2. Create an **Inference Endpoint** pointing at that repo.
- Hardware: minimum A10G (24 GB) for a 7B base + 3 LoRA adapters in bf16.
- Set env vars: `BASE_MODEL`, `ADAPTER_SUPPORT`, `ADAPTER_ANALYTICS`, `ADAPTER_FORM`.
3. Copy the endpoint URL into `.env` as `HF_ENDPOINT_URL`.
---
## Adapter training
Adapters must be fine-tuned to emit `<ui>{...}</ui>` followed by prose.

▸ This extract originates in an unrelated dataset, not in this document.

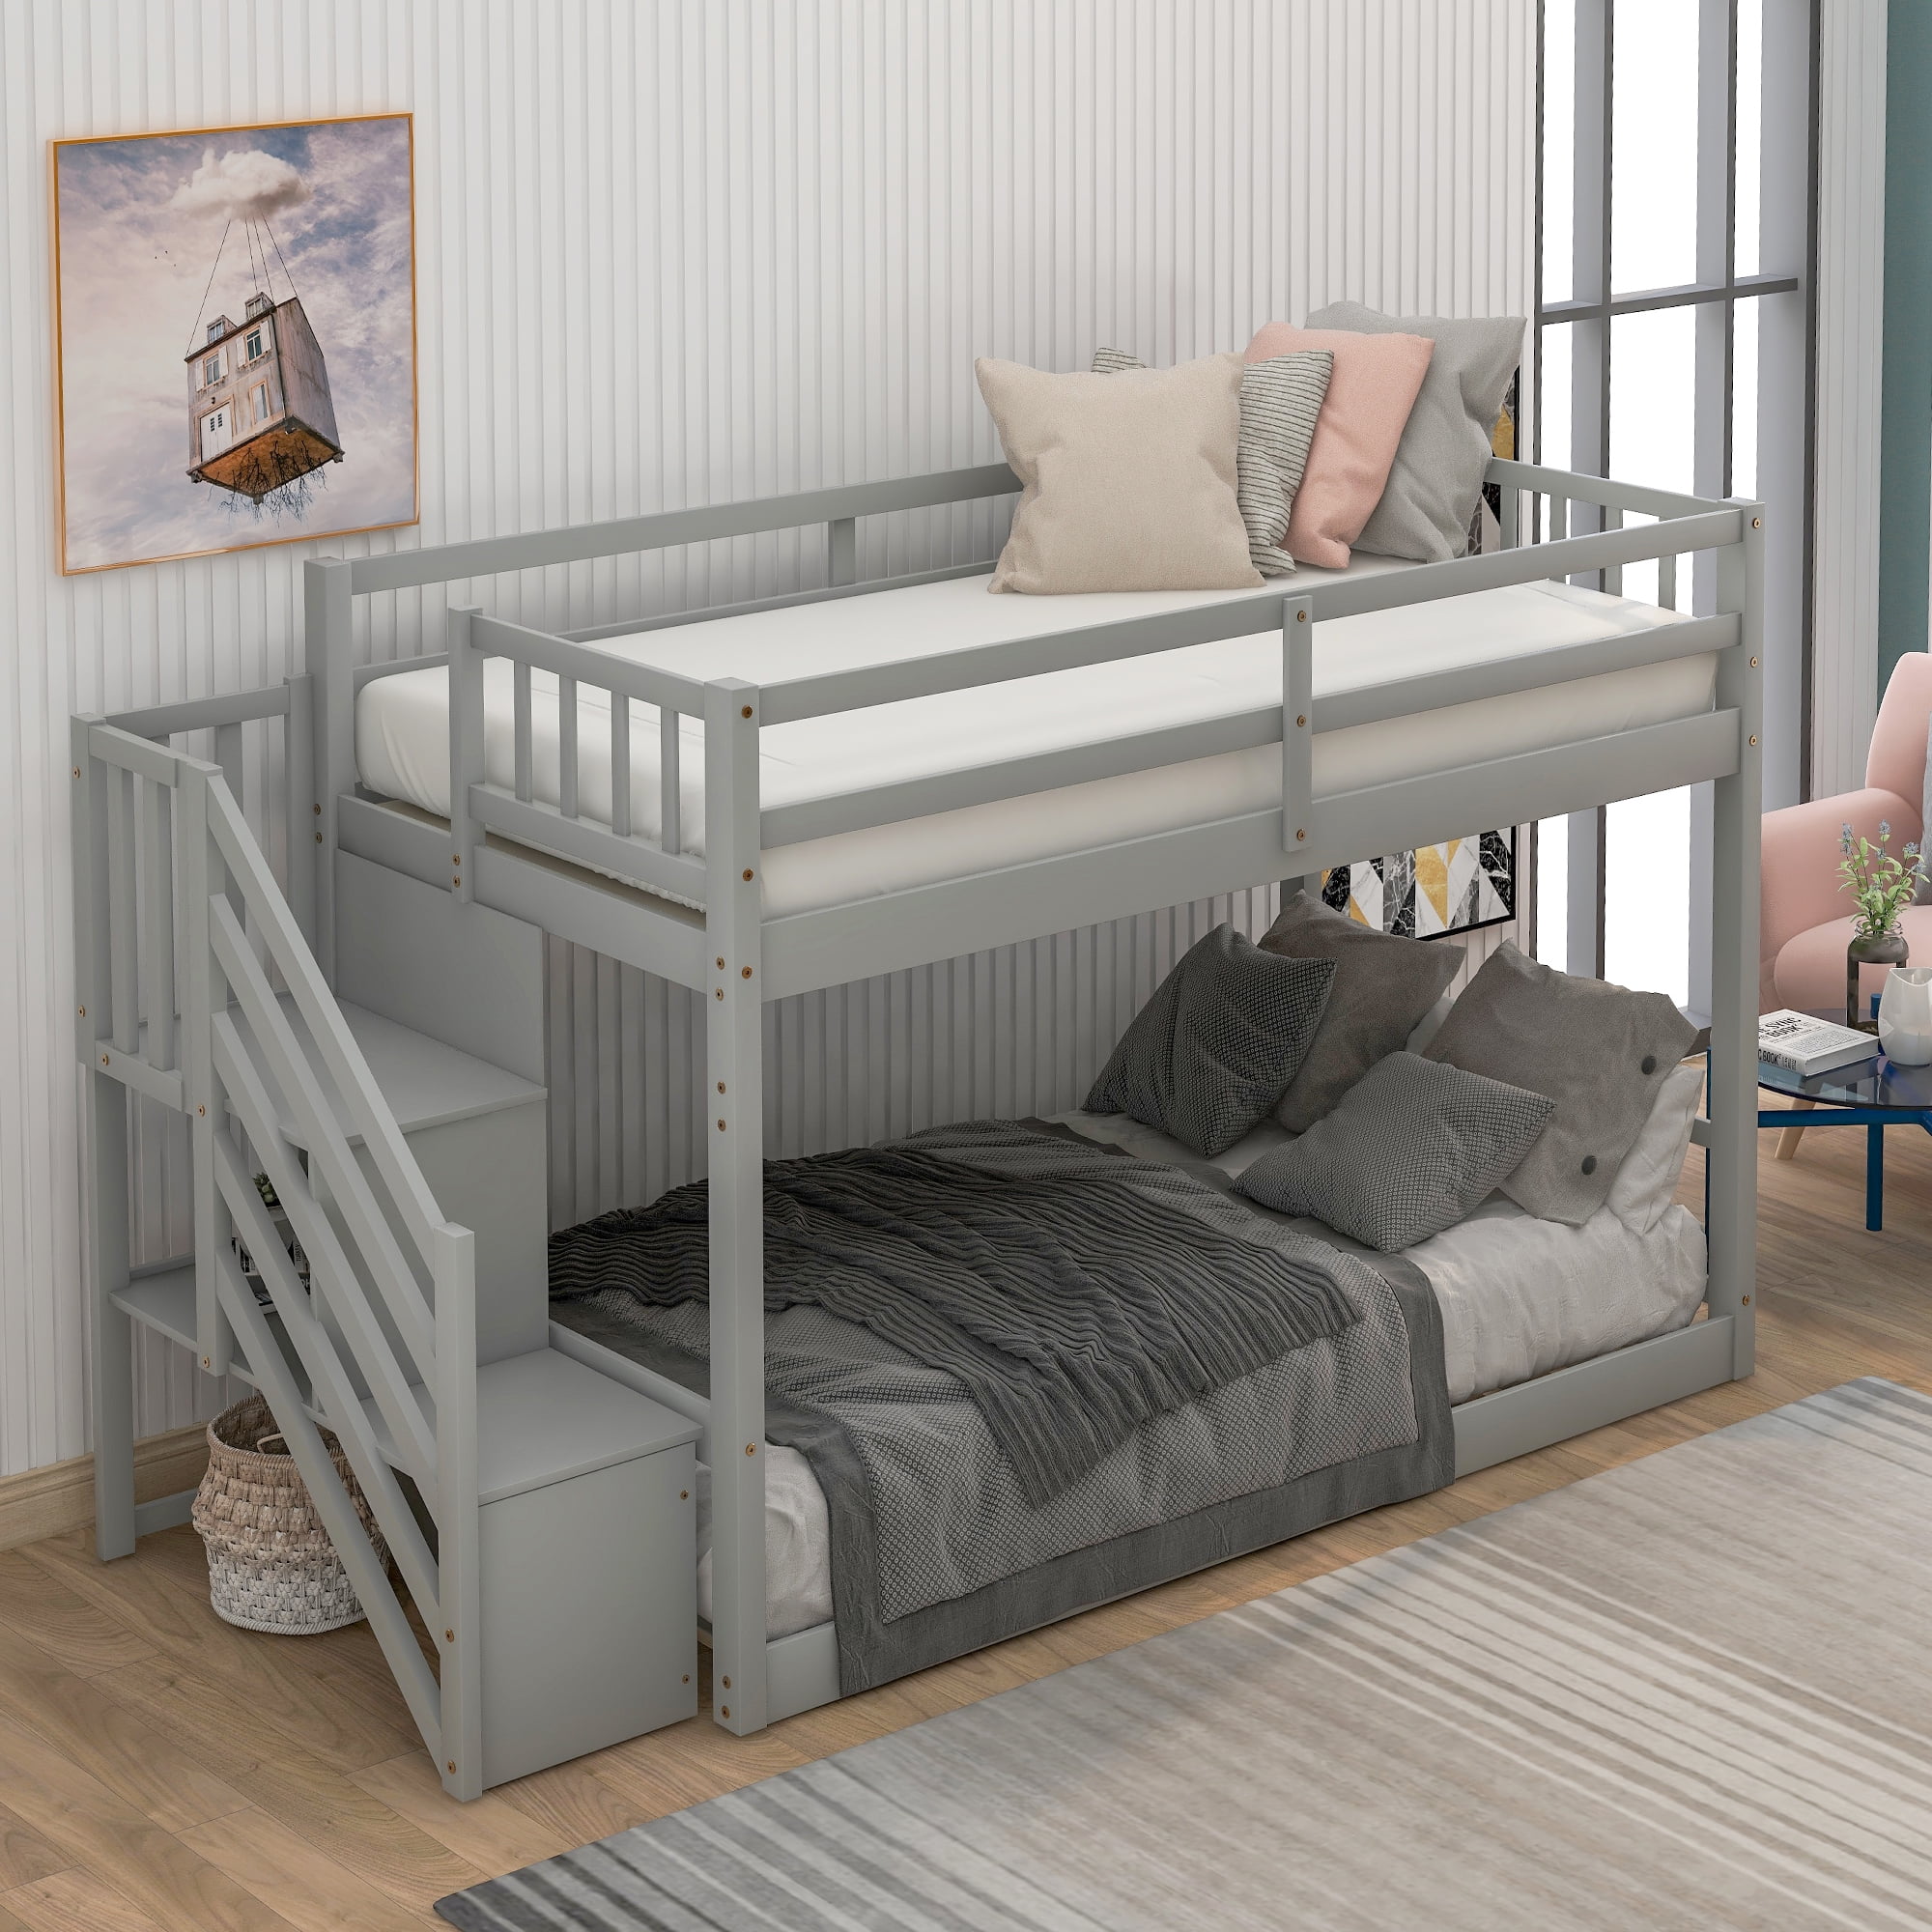 Euroco Wood Twin Over Floor Bunk, Fortis Twin Staircase Bunk Bed With Trundle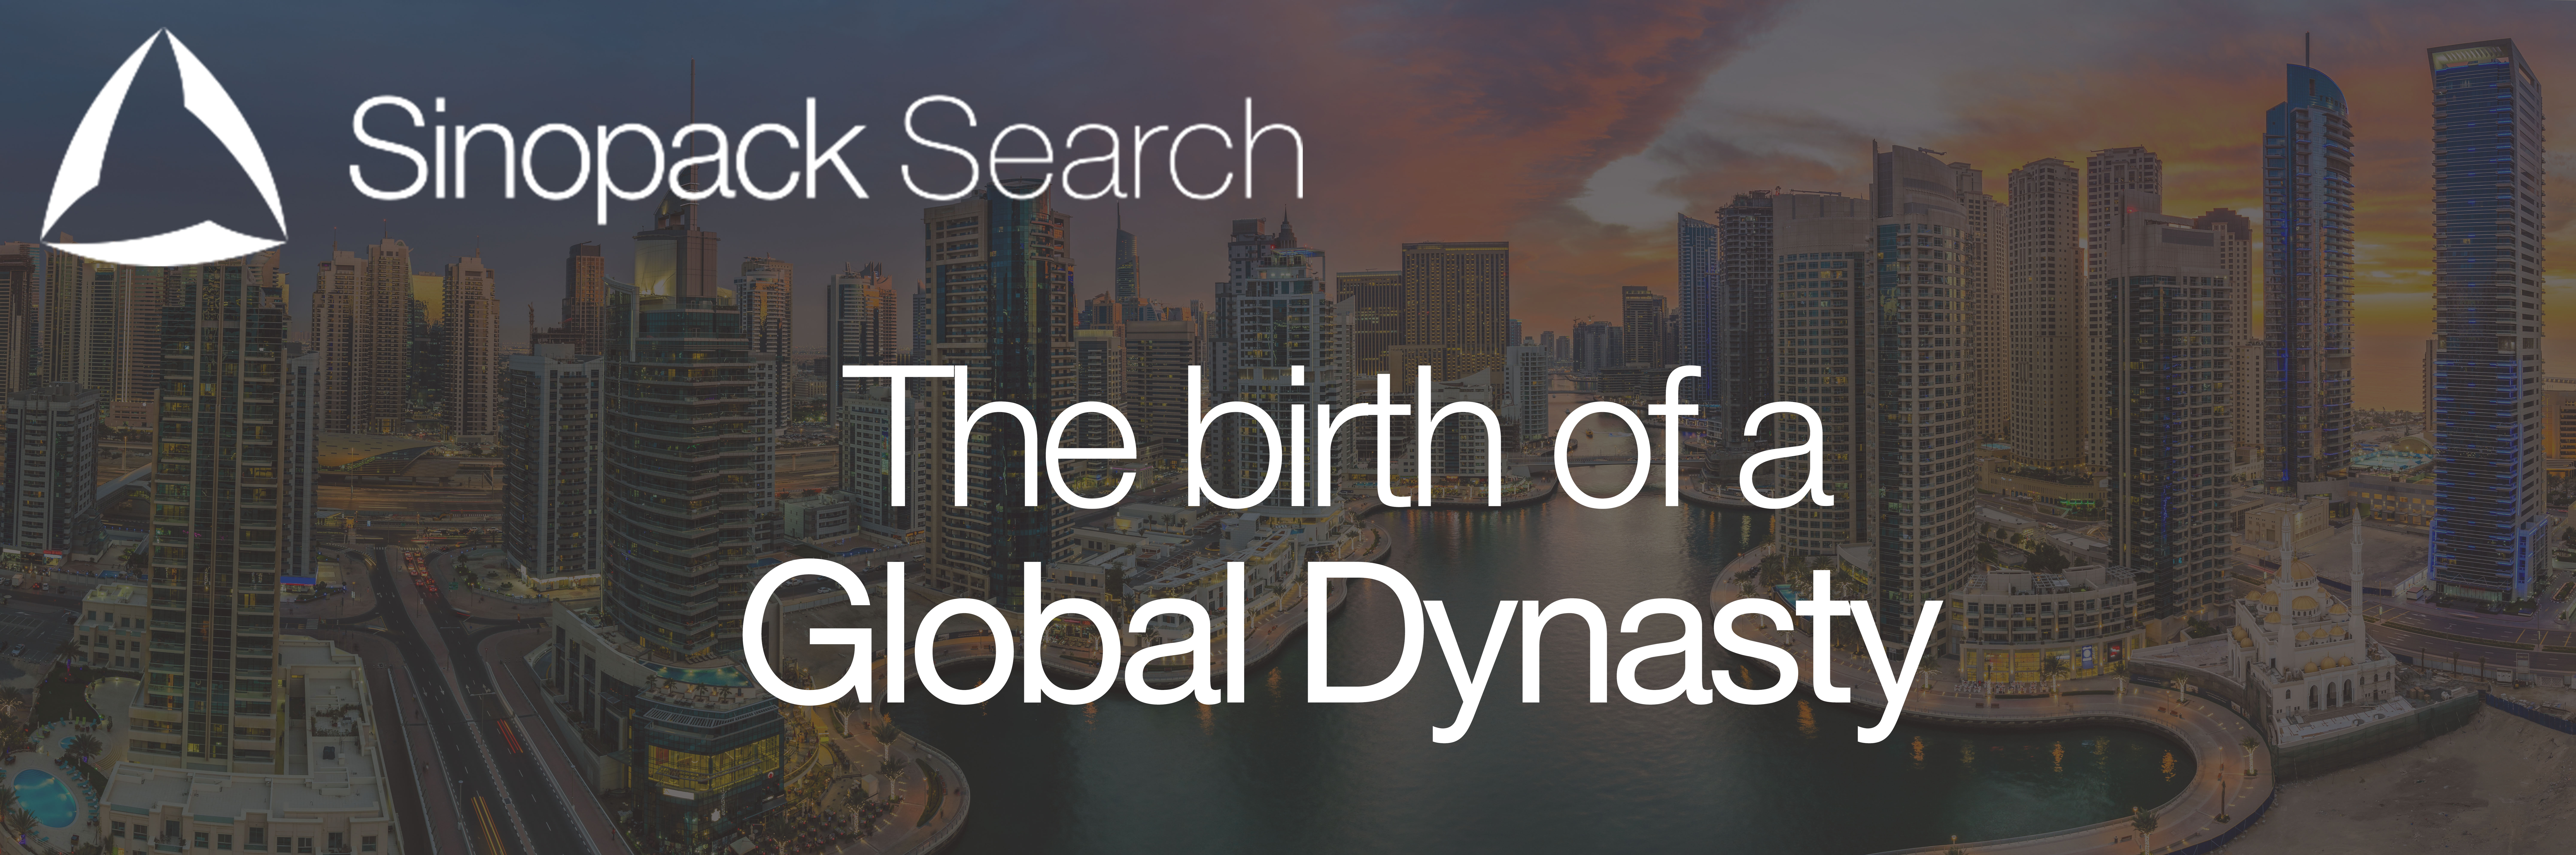 The Birth of a Global Dynasty

Generate synthetic seed data to bootstrap each adapter:
```bash
pip install -r hf-endpoint/requirements.txt
python training/generate_examples.py --all --n 200 -o data/
# writes data/support.jsonl data/analytics.jsonl data/form.jsonl
```
Then fine-tune with your preferred PEFT trainer (TRL `SFTTrainer` works well):
```python
from trl import SFTTrainer, SFTConfig
from peft import LoraConfig
lora_cfg = LoraConfig(r=16, lora_alpha=32, target_modules=["q_proj","v_proj"])
trainer = SFTTrainer(
model=base_model,
args=SFTConfig(output_dir="./adapter-support", num_train_epochs=3),
train_dataset=support_dataset,
peft_config=lora_cfg,
)
trainer.train()
trainer.push_to_hub("your-org/adapter-support")
```
---
## ui_spec contract
The model emits one of these component shapes:
```jsonc
// form
{"component":"form","props":{"title":"...","fields":[{"name":"x","label":"X","type":"text","required":true}],"submitLabel":"Send"}}
// chart
{"component":"chart","props":{"title":"...","type":"bar","data":{"labels":["Jan","Feb"],"datasets":[{"label":"Revenue","data":[400,600]}]}}}
// card
{"component":"card","props":{"title":"...","body":"...","items":[{"label":"Status","value":"OK"}]}}
// table
{"component":"table","props":{"columns":["Name","Value"],"rows":[["Alpha",1],["Beta",2]]}}
```
The widget renders any of these interactively.
Path A degrades each to markdown via `lib/markdown_renderer.py`.
---
## Routing
The heuristic router (`lib/router.py`) scores keywords in the last user turn:
| Adapter | Triggers |
|---------|---------|
| `support` | error, help, issue, bug, broken, fix … |
| `analytics` | chart, graph, trend, metric, dashboard … |
| `form` | form, fill, submit, register, sign up … |
Pass `mode` explicitly to override. Default is `support`.